I was reminded of the Shree Lakshminarayan Temple at Chander Road in Singapore. It is bigger than the Lakshminarayan Temple and the architecture is different too. While the Lakshminarayan Temple is an ordinary-looking house standing on a quiet lane, this temple with its long flight of steps and high dome is clearly a Hindu religious building.
So why did it remind me of the Singapore temple?
Because the deities look the same.

It is a North Indian temple like the Shree Lakshminarayan Temple in Singapore. The priests and devotees are Hindi-speaking. There are differences between North Indian and South Indian temples. The differences can be seen in Singapore too. The idols in the Sri Veerama Kaliamman Temple on Serangoon Road look different from those at the Shree Lakshminarayan Temple a short walk away on Chander Road.
South Indian temples predominate in Singapore because the majority of Indians there are Tamil-speaking.
But what about the earliest Indians who went to Singapore with Sir Stamford Raffles? Where did they come from?

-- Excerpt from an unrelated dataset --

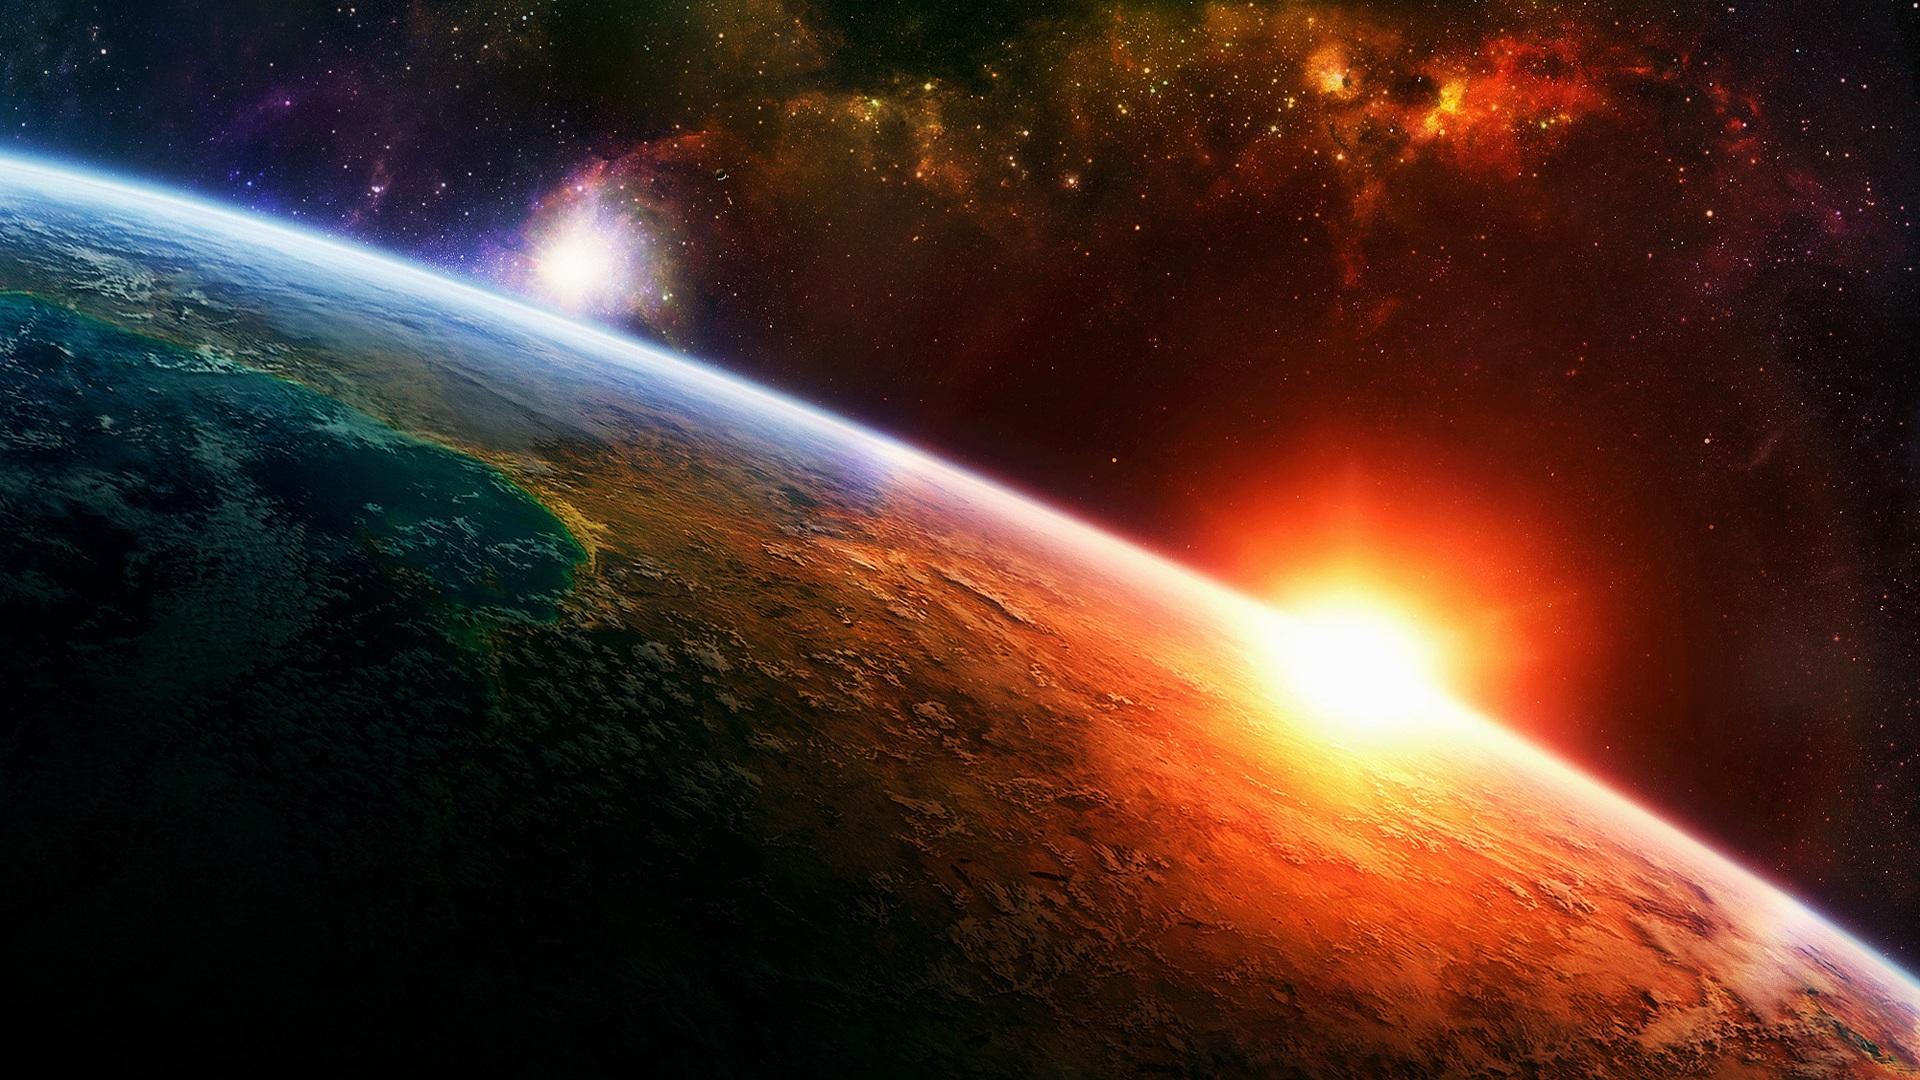 Weltraum Universum Hintergrund Fotografie

We know Raffles was accompanied by Narayana Pillay, a Tamil businessman from Penang.
But what about the other Indians – 120 in all, sepoys and lascars, assistants and servants – who arrived in Singapore with Raffles in January 1819?
Were the majority Tamil-speaking?
That would be surprising since Raffles sailed from Calcutta (now called Kolkata). Kolkata is part of Bengal and the Bengal Army back then was Hindi-speaking. So the sepoys (soldiers) should have been Hindi speakers. The lascars (seamen) were also likely to have come from the east.
In fact, the Sri Veerama Kaliamman Temple was built in the 1880s by construction workers from Bengal, according to Wikipedia.
But it is a South Indian temple.
So is the oldest Hindu temple in Singapore. The Sri Mariamman Temple was founded by Narayana Pillay in 1827.